SarcoidosisTeamSurya Bhatt, M.D.

Surya Bhatt, M.D., an associate professor in the UAB Division of Pulmonary, Allergy, and Critical Care Medicine, reported in the New England Journal of Medicine that patients with COPD and type 2 inflammation who received the biologic agent dupilumab had fewer exacerbations, better lung function, and less severe respiratory symptoms than those who received a placebo. This is the first time a biologic product, rather than a conventional drug, has been shown to be effective in treating COPD.

Regardless of severity, COPD flares lead to a poorer quality of life, increased hospitalizations, and an increased risk of death. Type 2 inflammation is associated with a higher risk of COPD exacerbations and may be indicated by elevated blood eosinophil counts. Between 20% and 40% of patients with COPD have evidence of type 2 inflammation. Dupilumab, a fully human monoclonal antibody, blocks the shared receptor component for two key drivers of type 2 inflammation, interleukin-4, and interleukin-13.

Type 2 inflammation is associated with several pathologic processes in COPD, including airway hyperreactivity and fibrosis, airway remodeling, mucociliary dysfunction, and mucus hypersecretion. In the study, Bhatt looked at patients with a blood eosinophil count of at least 300 cells per microliter who were at an elevated exacerbation risk despite standard triple inhaler therapy. He assigned them to two groups to receive either subcutaneous dupilumab or placebo once every two weeks. The study's primary endpoint was the annualized rate of moderate or severe flares.

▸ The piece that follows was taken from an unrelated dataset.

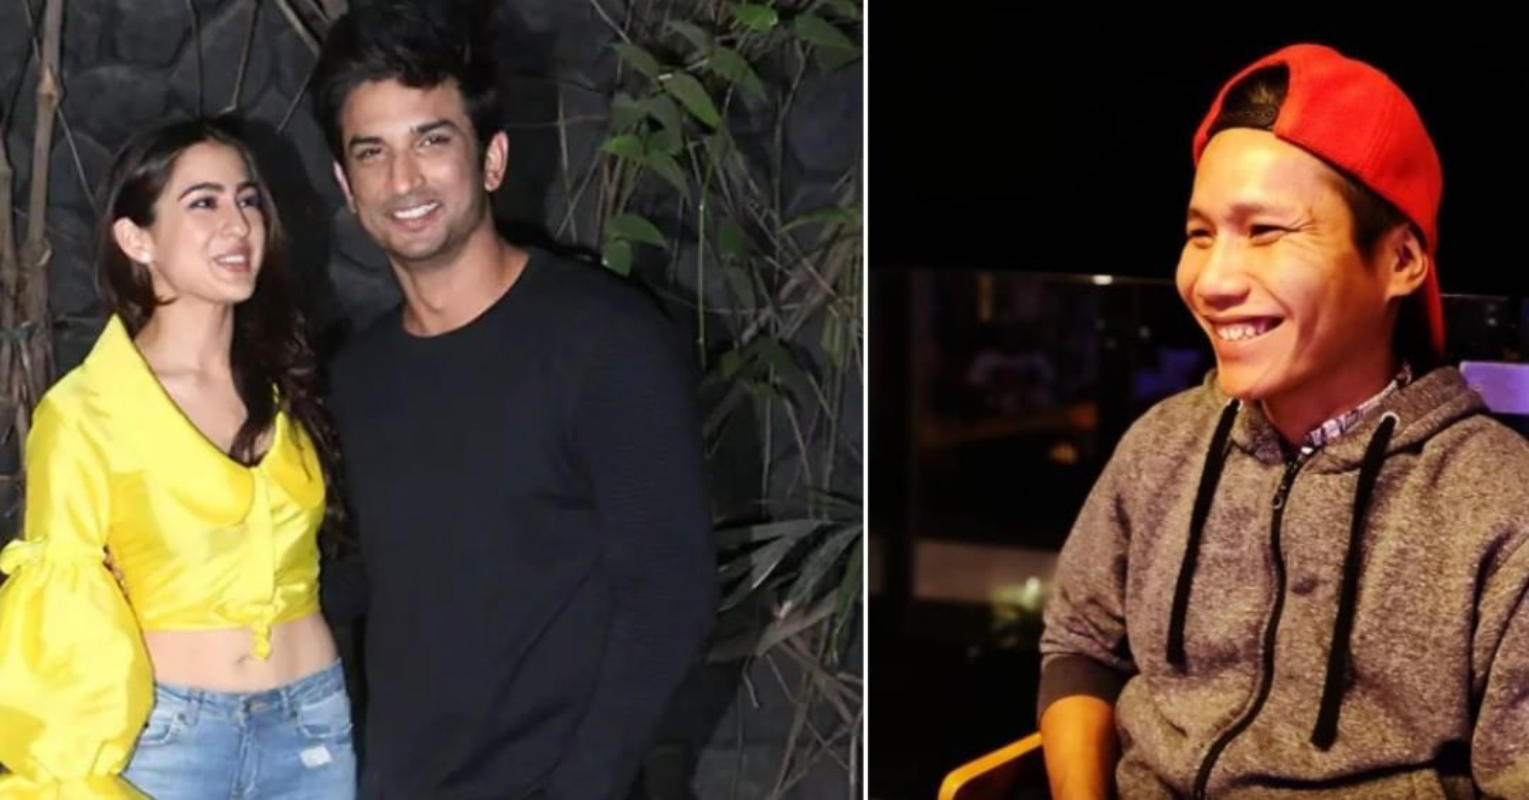 “Sushant and Sara were 'totally in love' during 'Kedarnath' promotions,” says Sushant’s friend Samuel Haokip

Dupilumab was associated with a 30% reduction in the rate of COPD flares over the 52-week course of the study. The biologic was also associated with meaningful improvements in lung function and health-related quality of life, as well as fewer severe respiratory symptoms compared to placebo. These improvements were observed within 2 to 4 weeks after the initiation of dupilumab and were sustained throughout the 52-week trial period.

The clinical improvements associated with dupilumab observed in this trial confirm the role of interleukin-4 or interleukin-13 (or both) in the pathologic pathways of this COPD subpopulation with type 2 inflammation—a role that extends beyond the role of interleukin-5 and eosinophils. The reduction in the frequency of exacerbations and the improvement in lung function with dupilumab were more pronounced among patients who had a fractional exhaled nitric oxide (FeNO) level of 20 ppb or higher at baseline.

"Dupilumab has the potential to impact the vicious cycle of exacerbations and lung function decline in patients who have COPD with type 2 inflammation and high exacerbation risk, who are already on optimal inhaled triple therapy," said Surya Bhatt, M.D. "Dupilumab significantly improves respiratory symptoms and also helped improve health-related quality of life measures."